- [WHAT YOU HAVE TO DO]: Please repeat the whole listing exactly, but leave the pictures out.

- [DATA PROVIDED]:
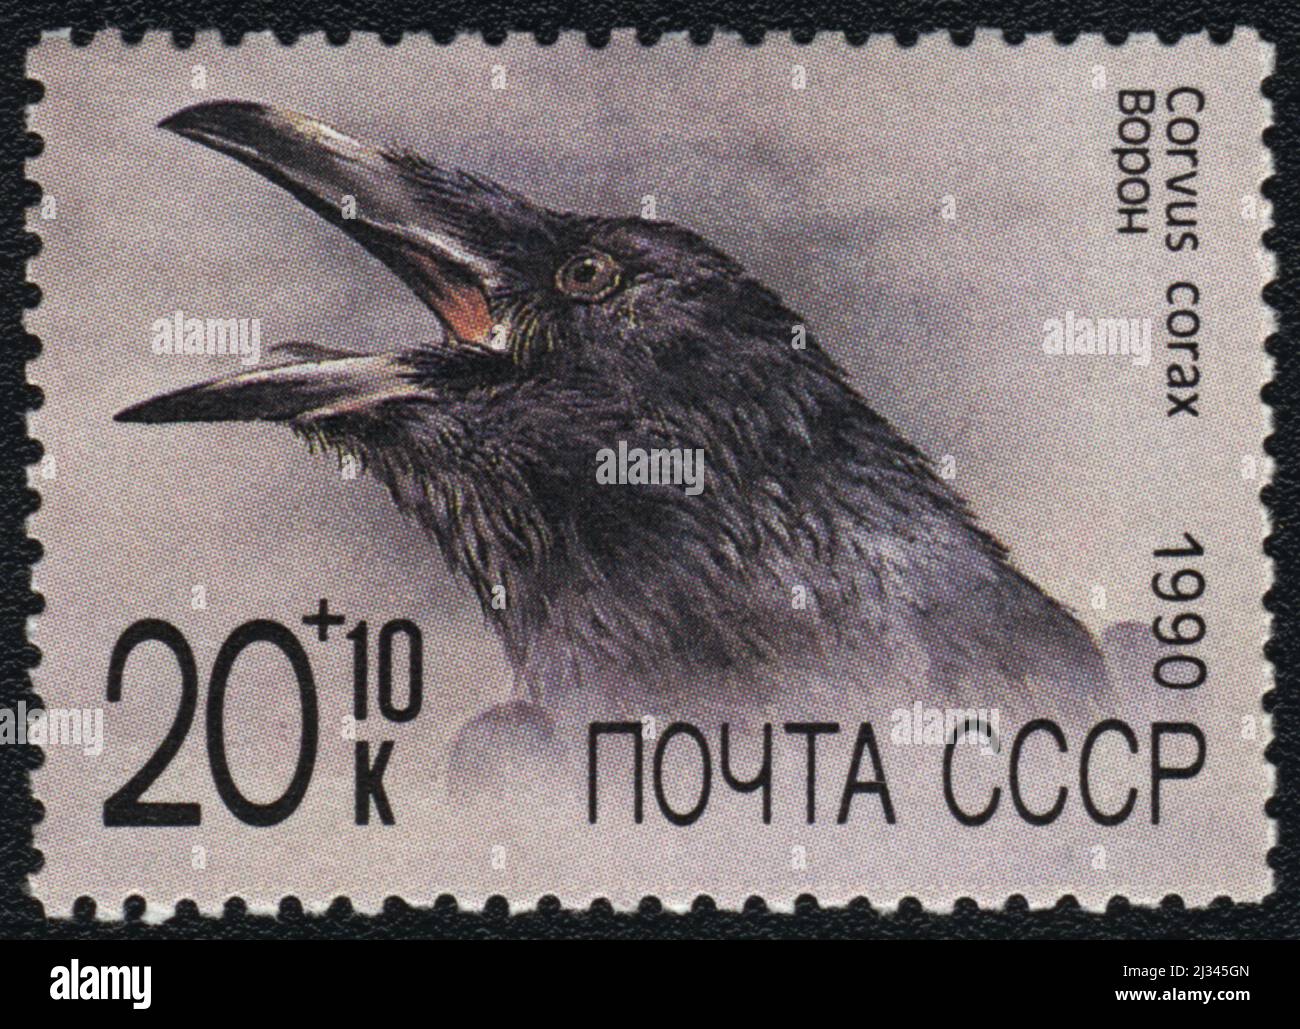 A postage stamp shows Common raven (Corvus corax), USSR, 1990 Stock Photo
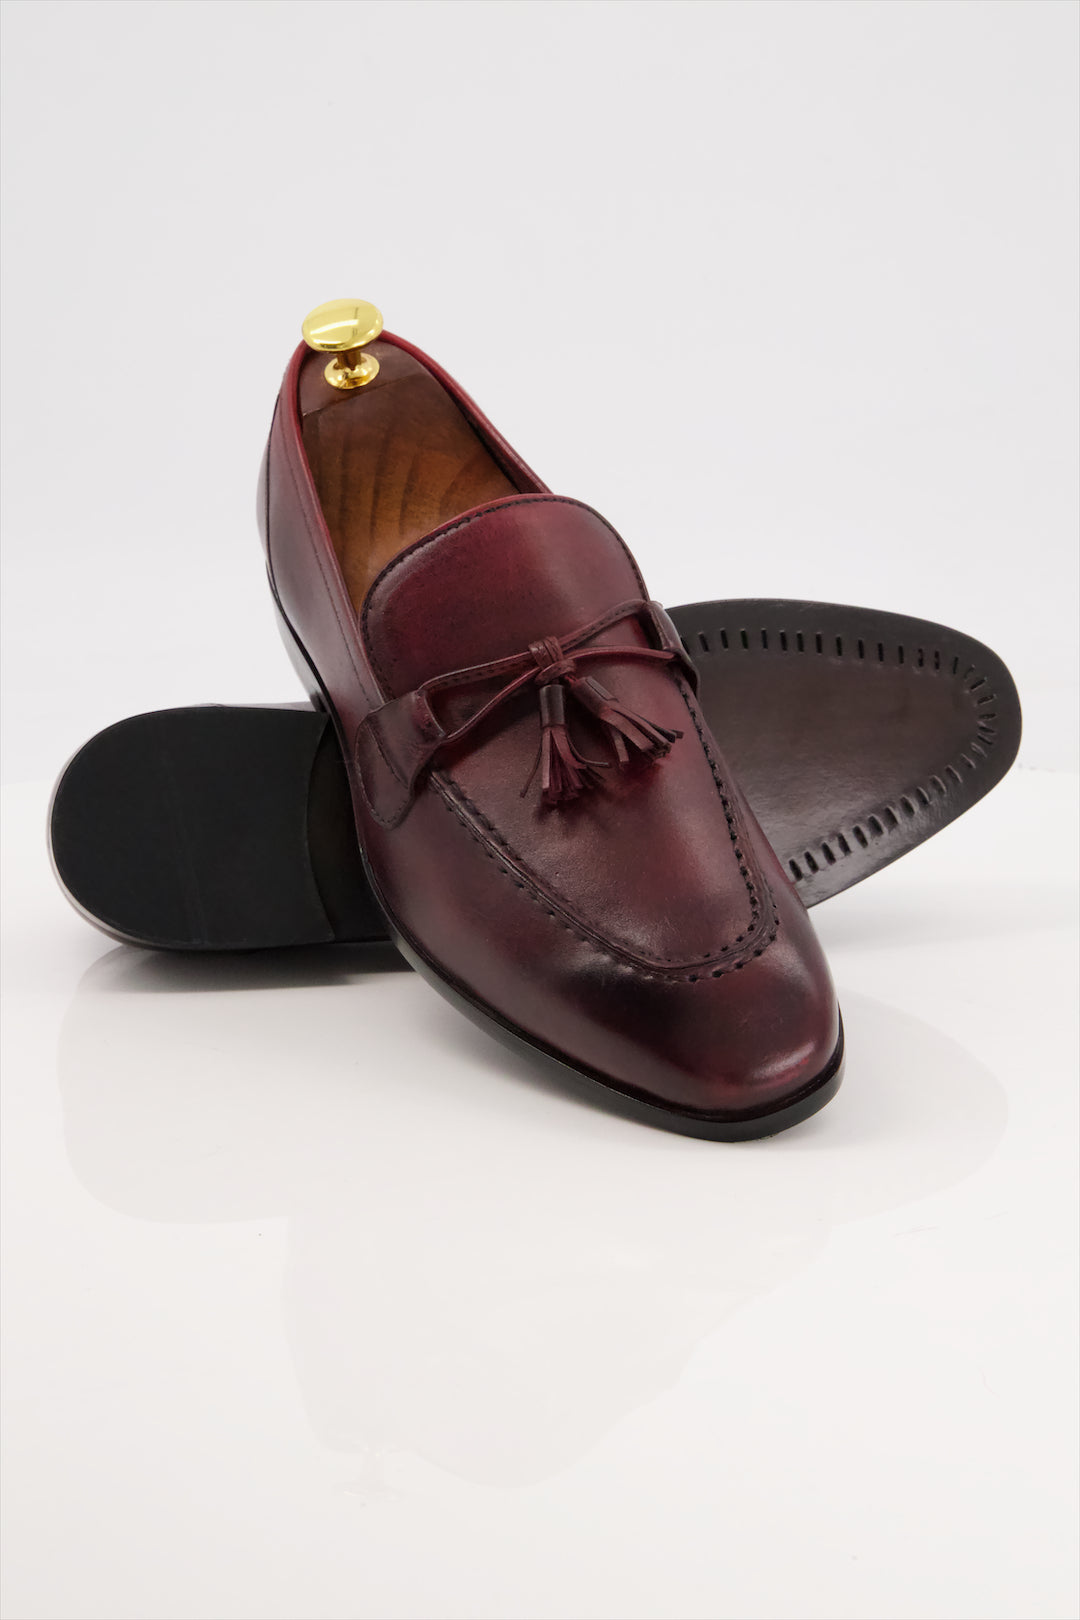 Heritage Tassel Loafers - Handcrafted Burgundy Leather Slip-On Shoes
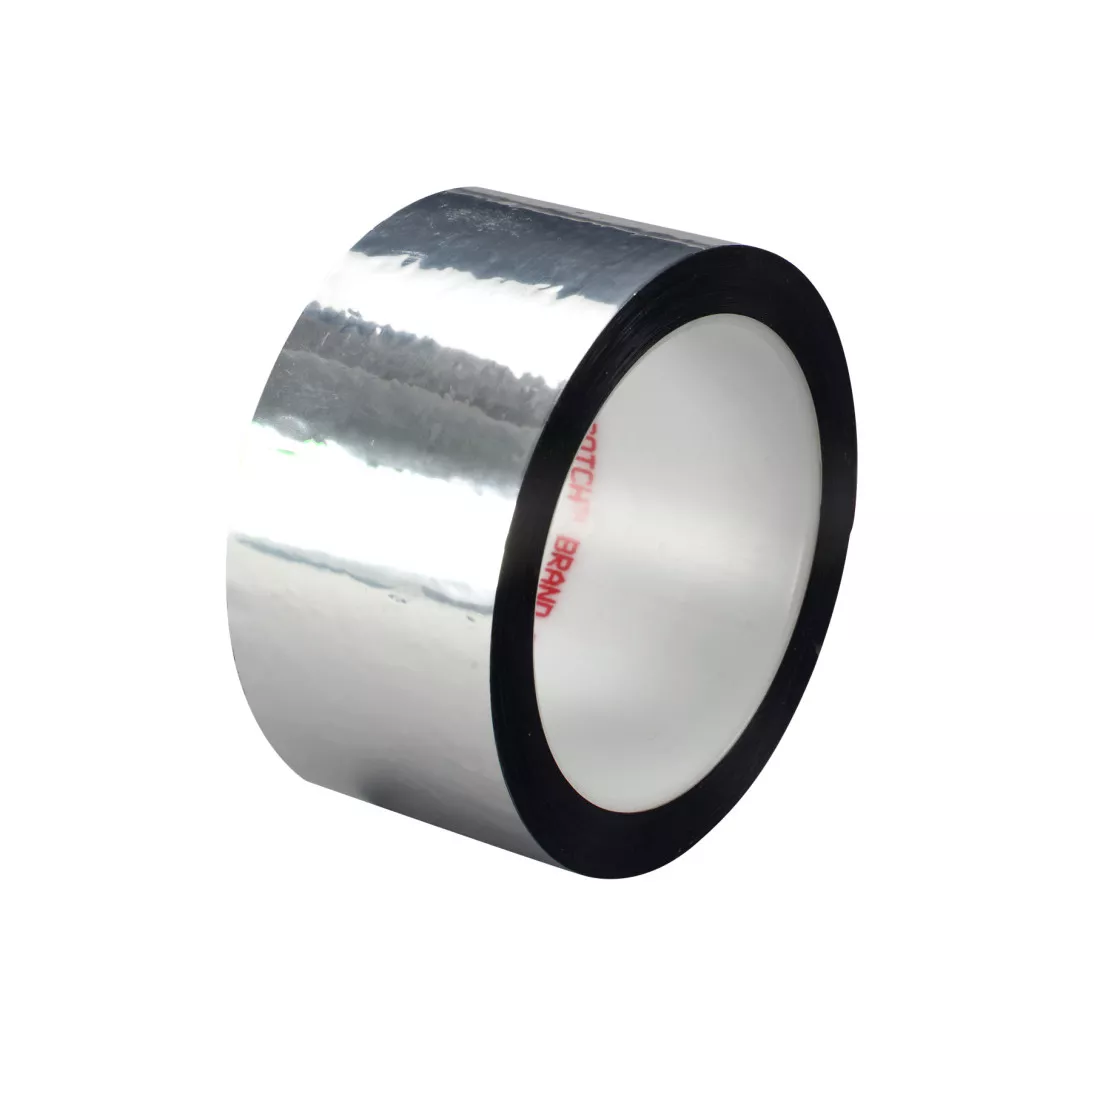 3M™ Polyester Film Tape 850, Silver, 48 in x 72 yd, 1.9 mil, 1 roll per case

- [ANSWER TO THIS TASK]:
 A postage stamp shows Common raven (Corvus corax), USSR, 1990 Stock Photo
 Heritage Tassel Loafers - Handcrafted Burgundy Leather Slip-On Shoes
 3M™ Polyester Film Tape 850, Silver, 48 in x 72 yd, 1.9 mil, 1 roll per case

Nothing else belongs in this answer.